By Edward Nawotka
Magazine publishers News Corp., Time Inc., Condé Nast, Hearst and Meredith, are forming a consortium and funding a project to create “a reading application, a ‘robust’ publishing platform, a digital storefront for consumers and a new line-up of ‘immersive advertising opportunities,'” says the Financial Times. The project will launch next week, says The Guardian. Though products, such as Zinio—which offers downloadable magazines in their original format—have existed for many years, they were primarily designed for Tablet PC’s, which until recently required an electronic pen to operate. Presumably, the new platform will take full advantage of multi-touch features integrated into Windows 7. Meanwhile, Springer—which publishes Europe’s largest circulation daily, Bild—says it will start charging for some content.
Speaking of e-readers, Barnes & Noble’s Nook reader started landing in the hands of customers today—with mixed results. Bloomberg, in particular, found the device to be slow. Or at least slower than the Kindle, which is what really matters to most people. B&N is already promising a software update.
Baker & Taylor Inc. has announced it has acquired Blackwell Book Services North America (BNA) and Blackwell’s Australia-based James Bennett bookseller. Also as part of the deal, Blackwell U.K. will acquire Baker & Taylor’s Lindsay and Croft business in the U.K.

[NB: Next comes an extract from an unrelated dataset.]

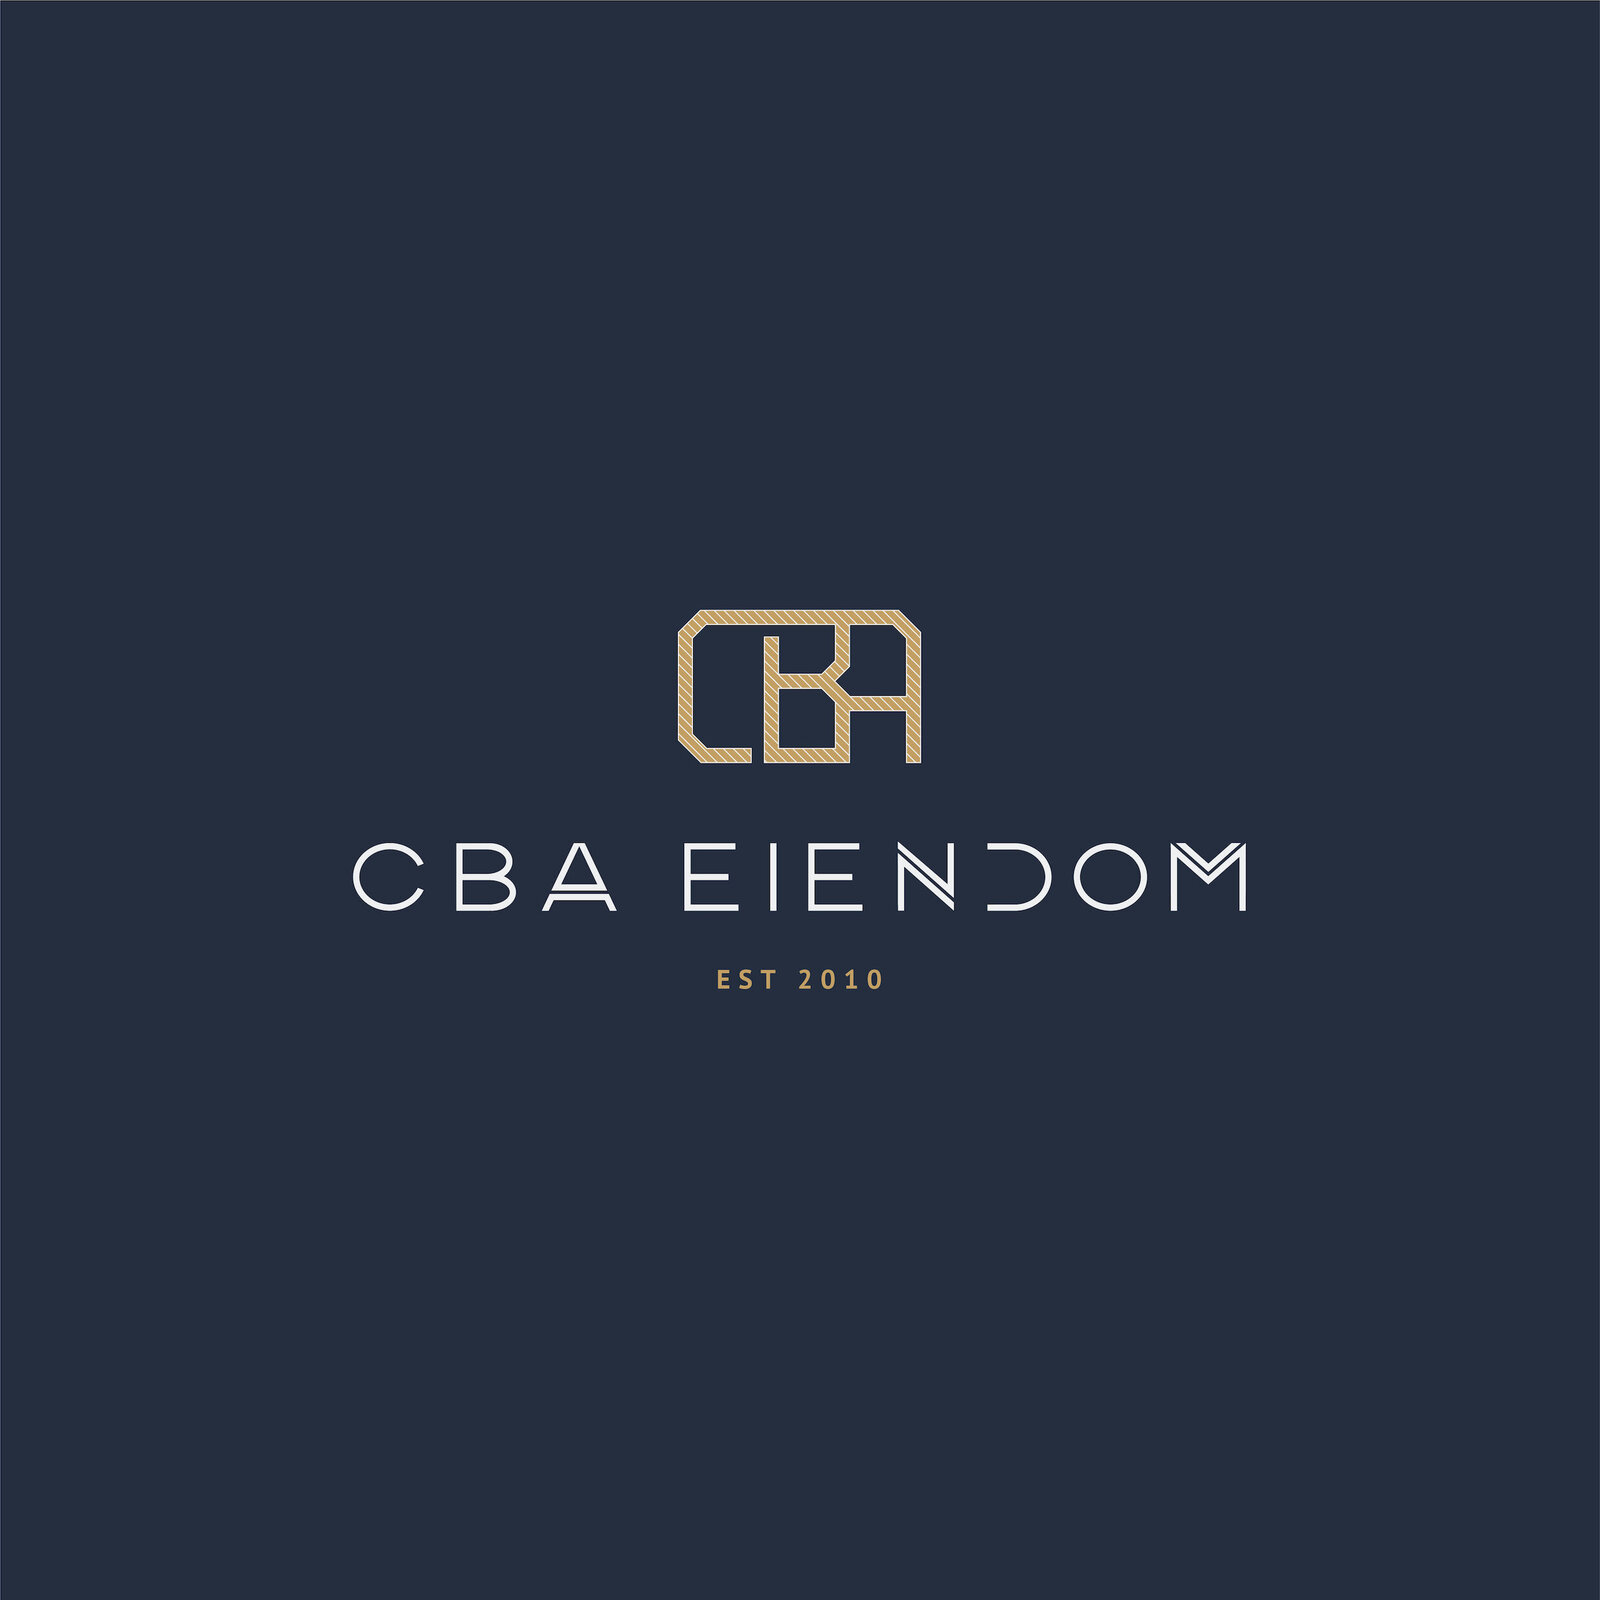 Persona-Vera-branding-CBA-Eiendom-15
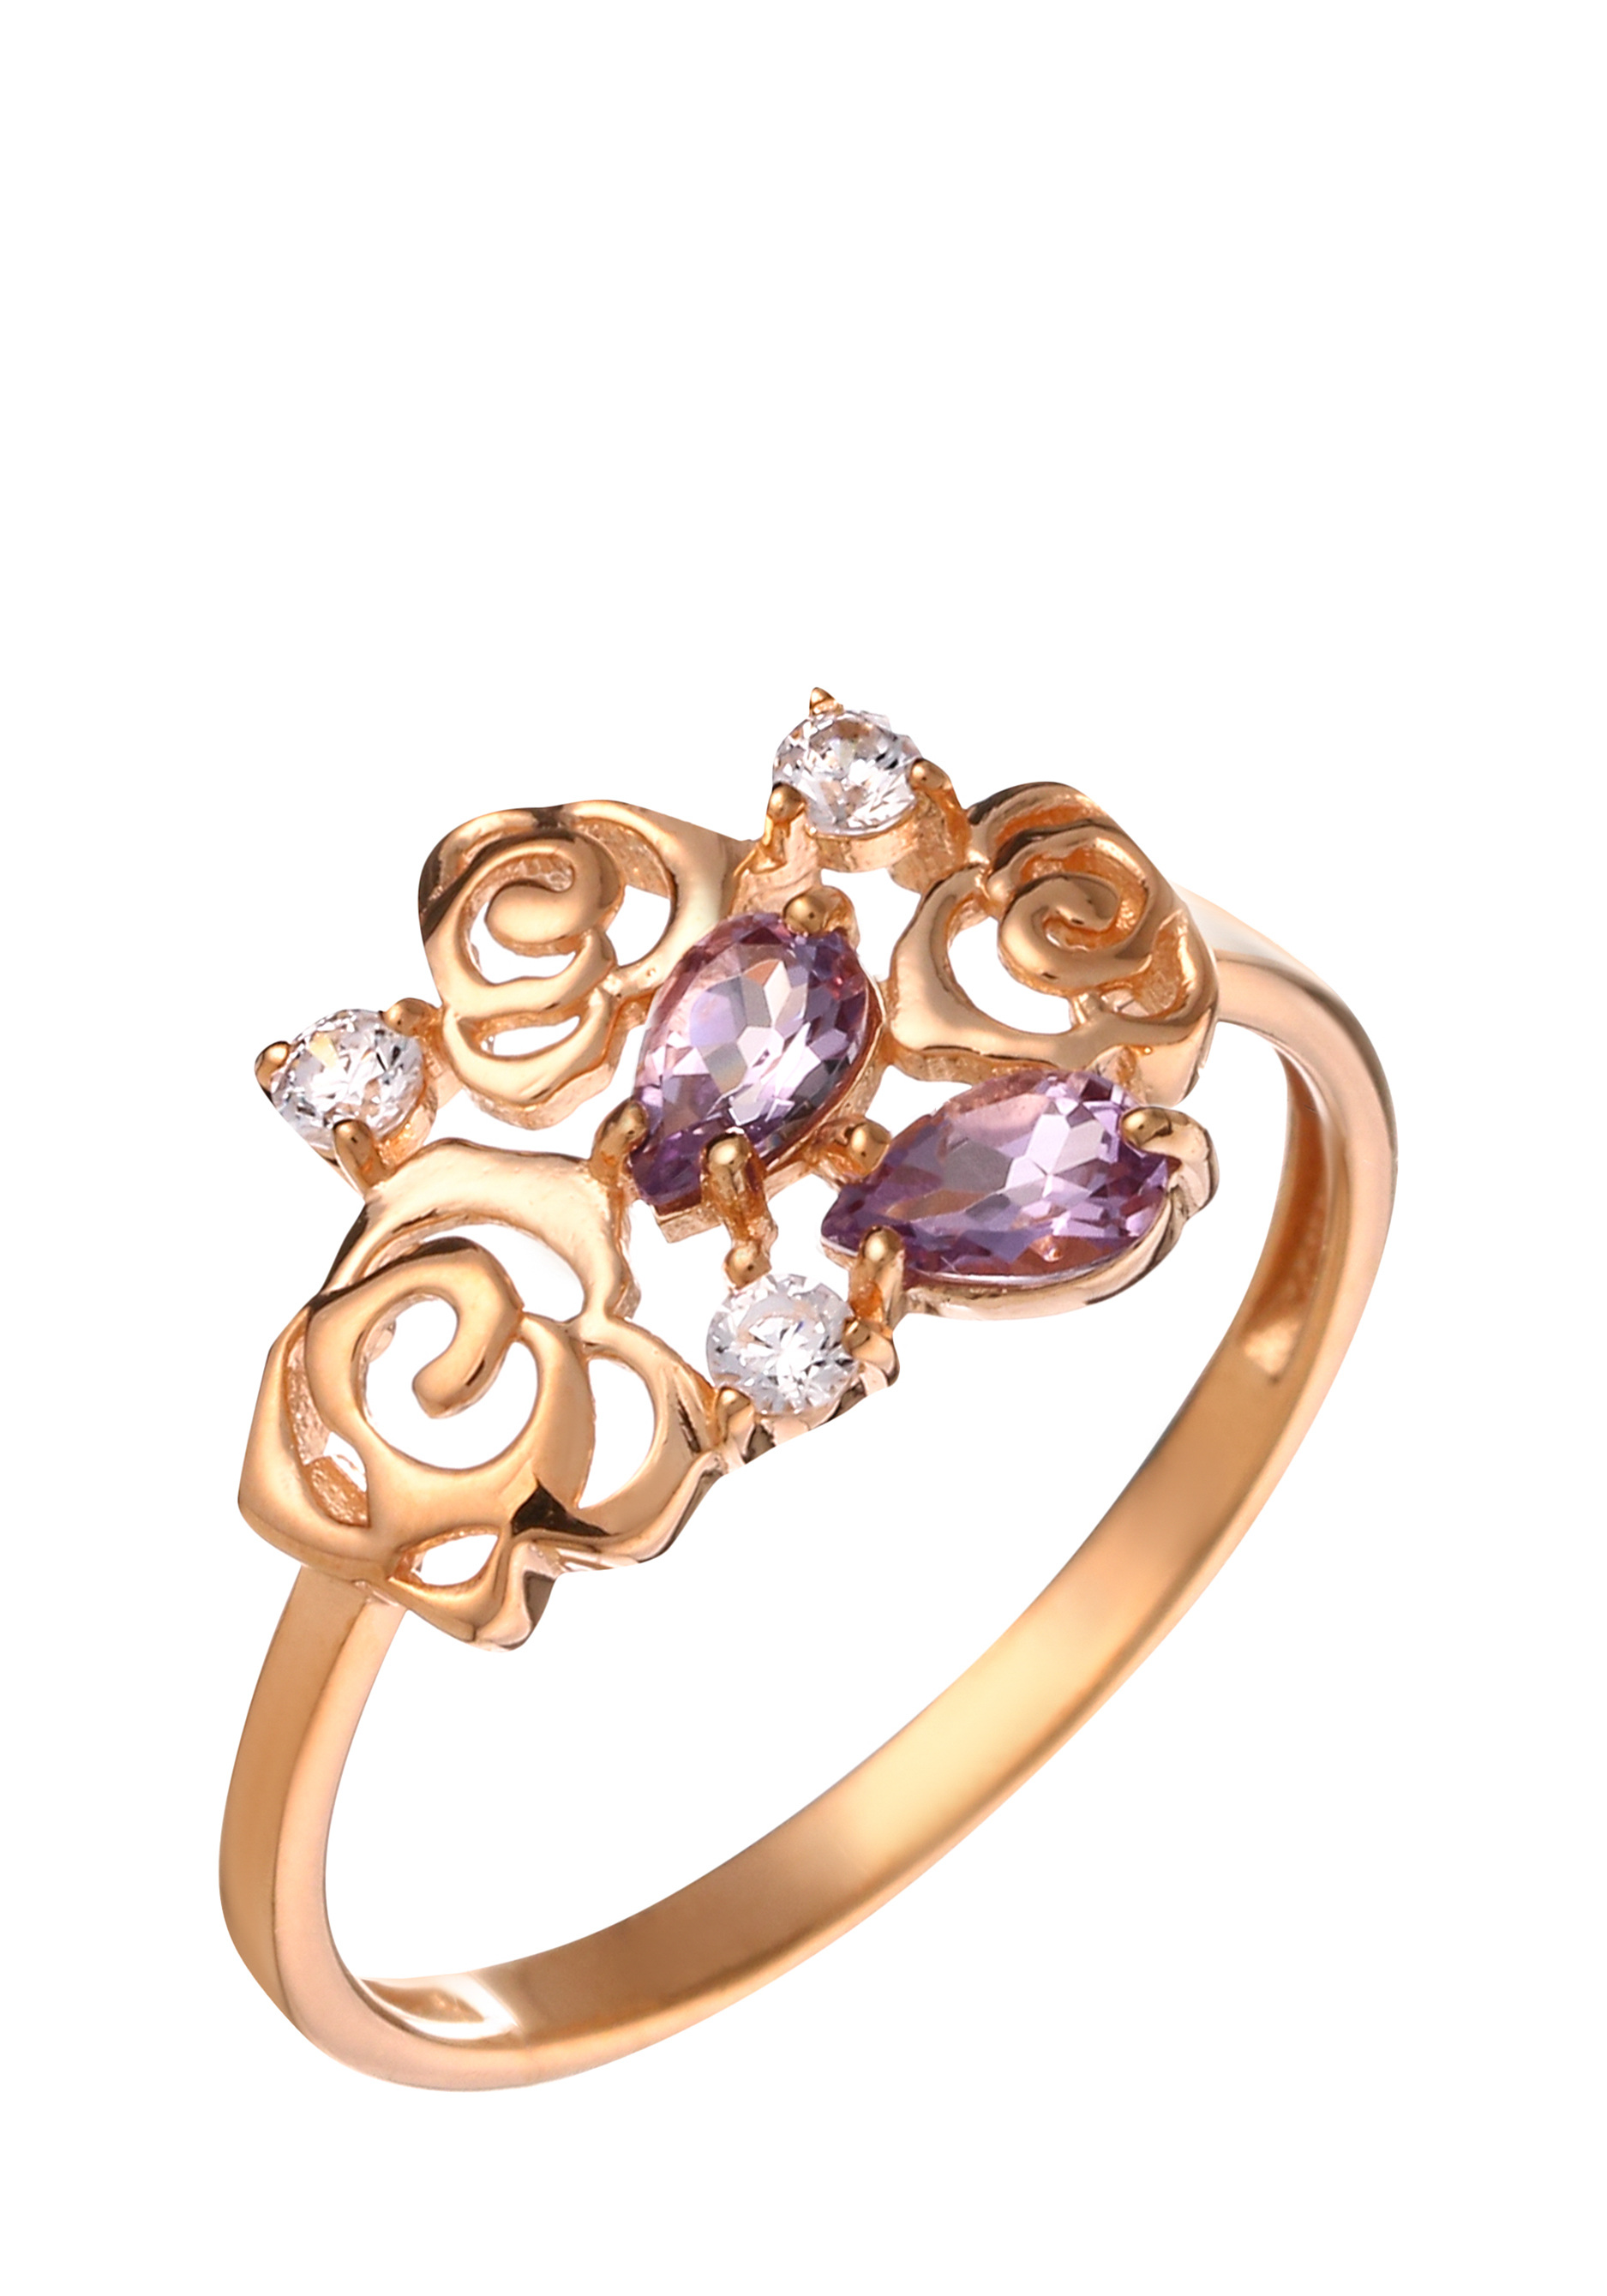 Кольцо серебряное "Прекрасная роза" Nouvelle, цвет фиолетовый, размер 19 кластер - фото 1

American booksellers are defying territorial copyright and supplying eager readers with imported copies of the UK edition of Stieg Larsson’s The Girl Who Kicked the Hornet’s Nest, the third in his Millennium series, which isn’t due to be published in the United States until next May. Fans of Larsson are paying as much as $45 for the book and happy to do it, reports the New York Times.